O direito de voto pode ser revogado por um tribunal para indivíduos que cometeram determinados crimes políticos — como espionagem e divulgação de segredos de Estado — mas em nenhuma circunstância no caso de crimes como homicídio, homicídio culposo e abuso sexual grave de crianças.
As mesmas regras se aplicam aos candidatos apresentados pelos respectivos partidos.
Pouco mais de metade do eleitorado são mulheres, quase 40% têm 60 anos ou mais e 14% têm menos de 30 anos.
A participação eleitoral tende a ser elevada na Alemanha. Nas duas últimas eleições gerais, foi pouco mais de 76%.
O limite de 5%
De acordo com a lei eleitoral alemã, os partidos devem obter um mínimo de 5% dos votos partidários (segundos votos) para garantir a representação. A disposição foi introduzida pela primeira vez em 1953 e pretendia evitar que pequenos partidos dissidentes, como os que assolaram a República de Weimar, entrassem no parlamento e o fragmentassem, dificultando a formação de uma maioria viável.
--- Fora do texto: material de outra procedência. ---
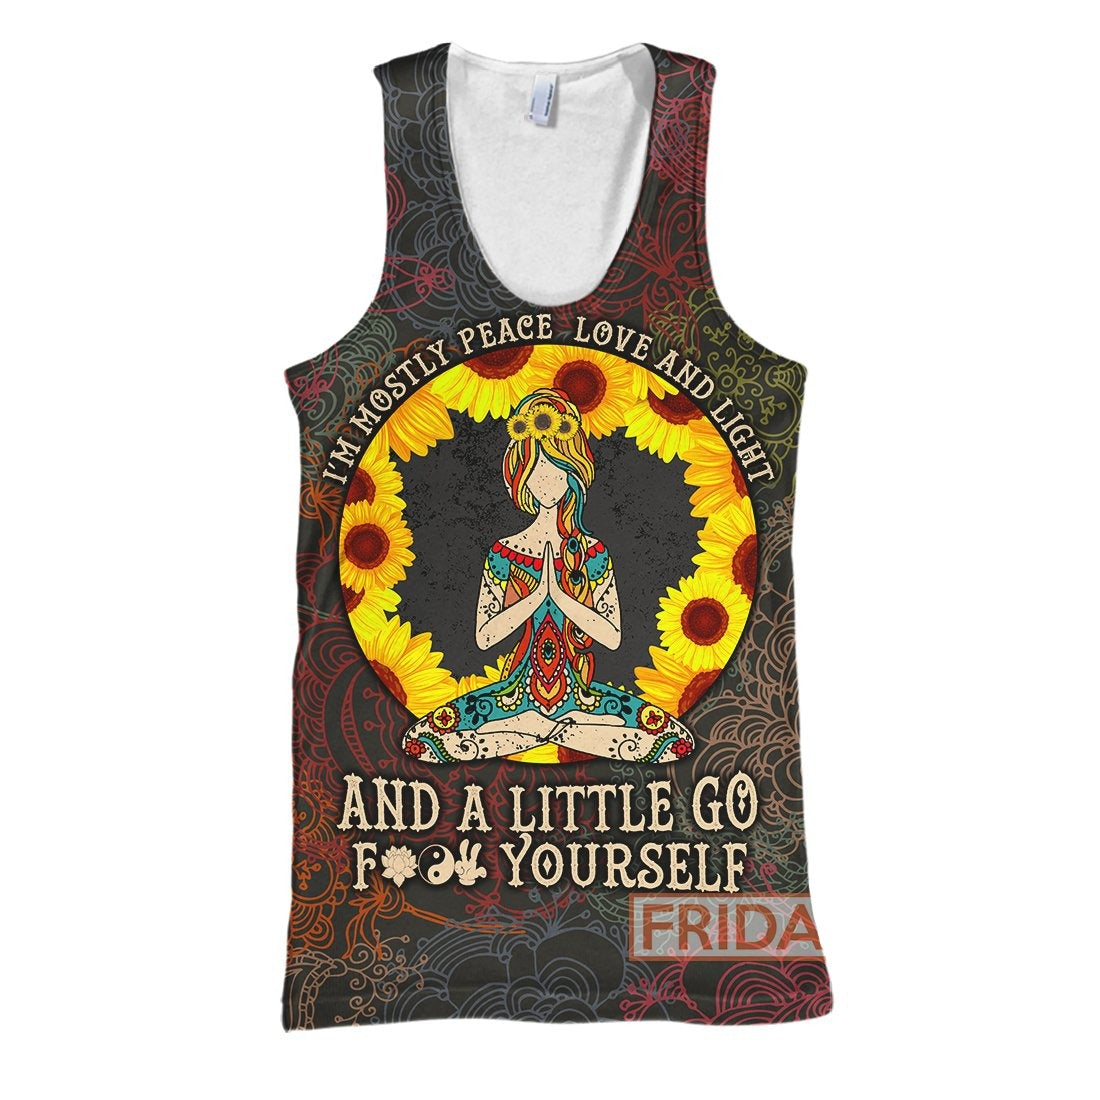 Unifinz Hippie T-shirt I'm Mostly Peace Love And Light T-shirt Awesome Hippie Hoodie Sweater Tank 2024

No entanto, é concedida uma excepção aos partidos que apresentem candidatos vencedores em pelo menos três distritos eleitorais: a conquista de três mandatos individuais aumenta o limite de cinco por cento para o respectivo partido. Em 2021, por exemplo, isto aplica-se ao Partido da Esquerda, que obteve apenas 4,9% dos segundos votos, mas foi autorizado a preencher 4,9% dos assentos e a enviar 39 legisladores porque três dos seus candidatos venceram nos seus círculos eleitorais.
A segunda exceção é para candidatos representando uma minoria alemã reconhecidacomo os dinamarqueses em Schleswig-Holstein ou os Sorbs na Saxônia. São necessários entre 35.000 e 38.000 votos para conquistar um círculo eleitoral, ou seja, esse é o número de votos que um representante de um partido minoritário precisa de obter para obter um assento no Bundestag. Em 2021, Stefan Seidler, o representante da minoria dinamarquesa, obteve 55.000 votos garantindo um assento no parlamento.
Construindo um governo e elegendo um chanceler
Se um partido obtiver 50 por cento dos votos, terá efectivamente representantes para avançar com a sua própria agenda. Mas é improvável que isso aconteça. Por essa razão, os partidos na Alemanha geralmente precisam de se associar a um ou mais partidos para construir uma coligação com votos suficientes para controlar o Bundestag.
Tradicionalmente, o candidato do partido que obtiver mais votos tornar-se-á chanceler e o principal candidato do parceiro júnior da coligação é frequentemente escolhido para se tornar ministro dos Negócios Estrangeiros. O chanceler apresenta os nomes dos ministros e suas pastas ao Presidente, que nomeia os membros do governo.
Qualquer cidadão alemão com pelo menos 18 anos pode tornar-se Chanceler. Não é necessário um assento no Bundestag, mas ele (ou ela) precisa obter a maioria dos votos dos legisladores.
A Lei Básica, a Constituição Alemã, estipula que a primeira sessão do novo Bundestag deve ocorrer no prazo de 30 dias após a eleição.
O Presidente propõe oficialmente o candidato a Chanceler que precisa então obter a maioria absoluta dos votos (50+1). Se o candidato não conseguir isso, os membros do Bundestag podem escolher outro candidato e colocá-lo em votação dentro de duas semanas. Mais uma vez, é necessária uma maioria absoluta.
Se nenhum candidato obtiver a maioria absoluta no segundo turno, uma votação final será realizada imediatamente. É eleito quem obtiver mais votos naquele turno (maioria simples).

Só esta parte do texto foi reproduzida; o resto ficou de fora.